Motion of charged particle in em wave

Question

What is the direction of oscillation of a charged particle when an electromagnetic wave hits it? I think it would in a circle whose plane is along the direction of em wave and perpendicular to magnetic field of wave. Am I right?

Answer 1

You can divide the problem up into two regimes: (Non-relativistic) where the charged particle velocity is $\ll c$ and the solution is simple, shown below. (Relativistic} where the non-relativistic assumption cannot be made and the solution is quite difficult.

Non-relativistic. We say that $$ m \frac{d^2 \vec{r}}{dt^2} = q(\vec{E} + \vec{v} \times \vec{B}).$$ But for a plane wave in vacuum we know that $B = E/c$ and so the second term on the right hand side can be ignored.

So for example, if you have a plane wave travelling along the x-axis with amplitude $E_0$ and frequency $\omega$: $$m \frac{d^2 \vec{r}}{dt^2} = qE_0 \sin (\omega t - kx) \vec{j},$$ where I have chosen to polarise the wave along the y-axis and the B-field is along the z-axis.

If we now assume the charged particle starts at rest and at the origin, then by integrating twice, we have $$ \vec{r} = \frac{q E_0}{m \omega} \left( t - \frac{\sin \omega t}{\omega} \right) \vec{j}.$$

There is some second-order oscillation in the $x$ direction, at twice the frequency, but with a much smaller amplitude.

Relativistic. Much harder.

The four components of acceleration are: $$m \ddot{x} = -q\dot{y} B_0 \sin \omega t $$ $$m \ddot{y} = q( \dot{x}B_0 \sin \omega t + \dot{t} E_0 \sin \omega t)$$ $$m \ddot{z} = 0$$ $$m \ddot{t} = \frac{q \dot{y}}{c}E_0 \sin \omega t $$ where the derivatives here are with respect to proper time $\tau$ and the relationship between proper time and coordinate time $t$ is $$ d\tau = dt \left[ 1 - \frac{1}{c^2}\left[\left(\frac{dx}{dt}\right)^2 + \left(\frac{dy}{dt}\right)^2 + \left(\frac{dz}{dt}\right) \right]^2 \right]^{1/2}$$

As you might expect, the results of integrating these are messy. The whole thing is gone through in Kruger & Bovyn (1976) and the results are expressed as functions of $\tau$ and the cyclotron frequency $\Omega = eB_0/m$ (equations 12a-d in that reference give general expressions for a plane wave excitation).
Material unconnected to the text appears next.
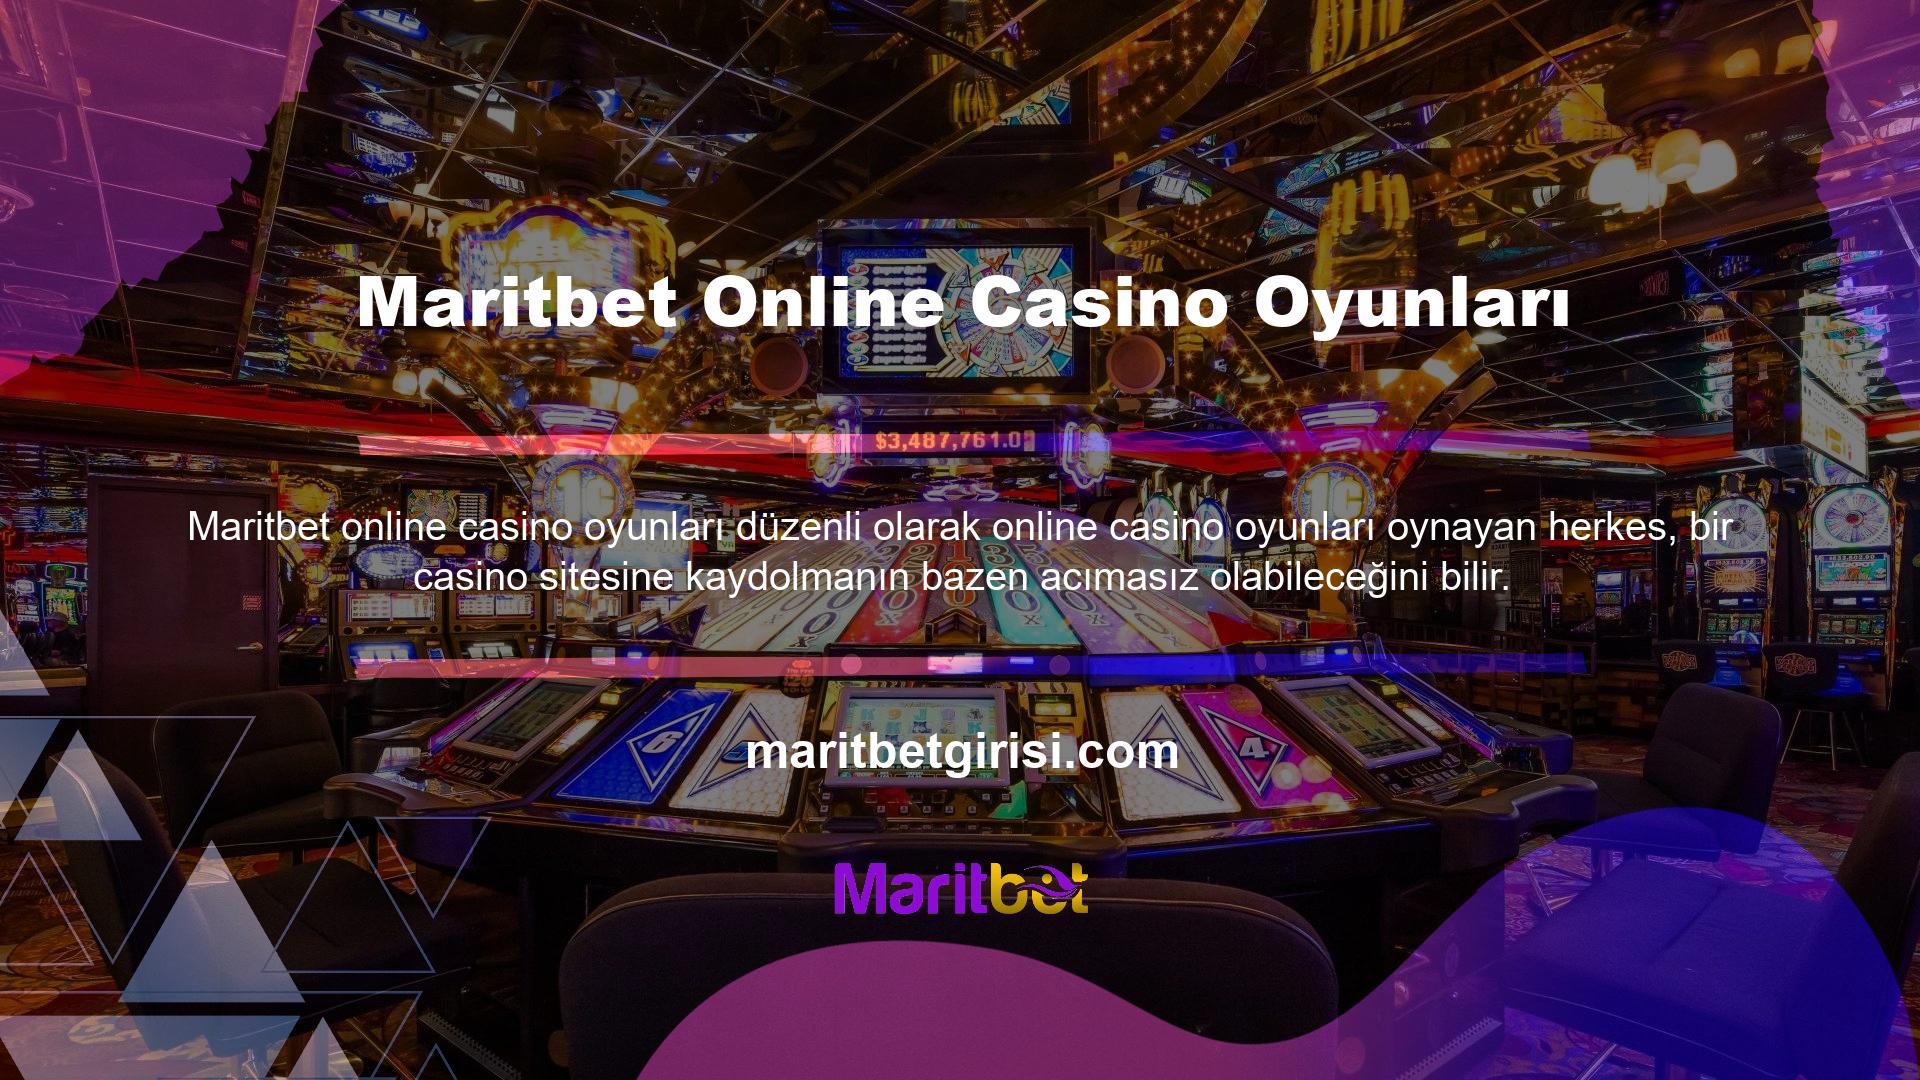 Çeşitli belgeler, anne kızlık soyadı, olası üyelik vs, batmak isteyen casino siteleri sonunda başarısız oluyor ama Maritbet gibi basit form ekranlarına sahip firmalar üyelik garantisi verebiliyor

However the results can be expressed in terms of a series expansion of harmonics of frequency $\omega^*$, where $\omega^*$ is related to $\omega$ by a doppler shift (see p. 1844 of the paper) - that is the oscillations can no longer be considered to be at a single frequency and take place in both the $x$ and $y$ directions.

Answer 2

The Lorentz force acting on a free charged particle in an em field ${\bf E},{\bf B}$ is ${\bf F} = q({\bf E} + {\bf v}\times{\bf B})$ and if you are using non-relativistic mechanics then you have to solve the equation $$m\frac{d {\bf v}}{dt} = q({\bf E} + {\bf v}\times{\bf B})$$ with (from your question I presume you mean a plane wave travelling in the $z$ direction)$${\bf E}= E_0{\bf i} sin(\omega t + kz), {{\bf B}= B_0{\bf j} sin(\omega t + kz)}$$

(it may be easier to keep the complex form for the em field, i.e replace $\sin$ by $e^{i(\omega t + k z)}$?). For a plane wave there will be a relationship between the amplitudes $E_0, B_0$ but usually the magnetic force term will be much smaller than the electric force term (certainly if you are assuming non-relativistic mechanics then this will be true).

To solve the problem for ${\bf v}$ you will need the initial conditions. In the simplest case that the charge at $t = 0$ is initially at rest at the origin I suspect that it may be easier looking for a numerical solution: When the charge is at rest it feels the force of the electric field which moves it in the direction ${\bf i}$ and then the magnetic force pushes it in the direction ${\bf i}\times{\bf j} = {\bf k}$ so that you have to take into account the variation with distance of the plane wave.

PS: Note that besides being non-relativistic it also ignores the charge (since it is accelerating) also radiates energy.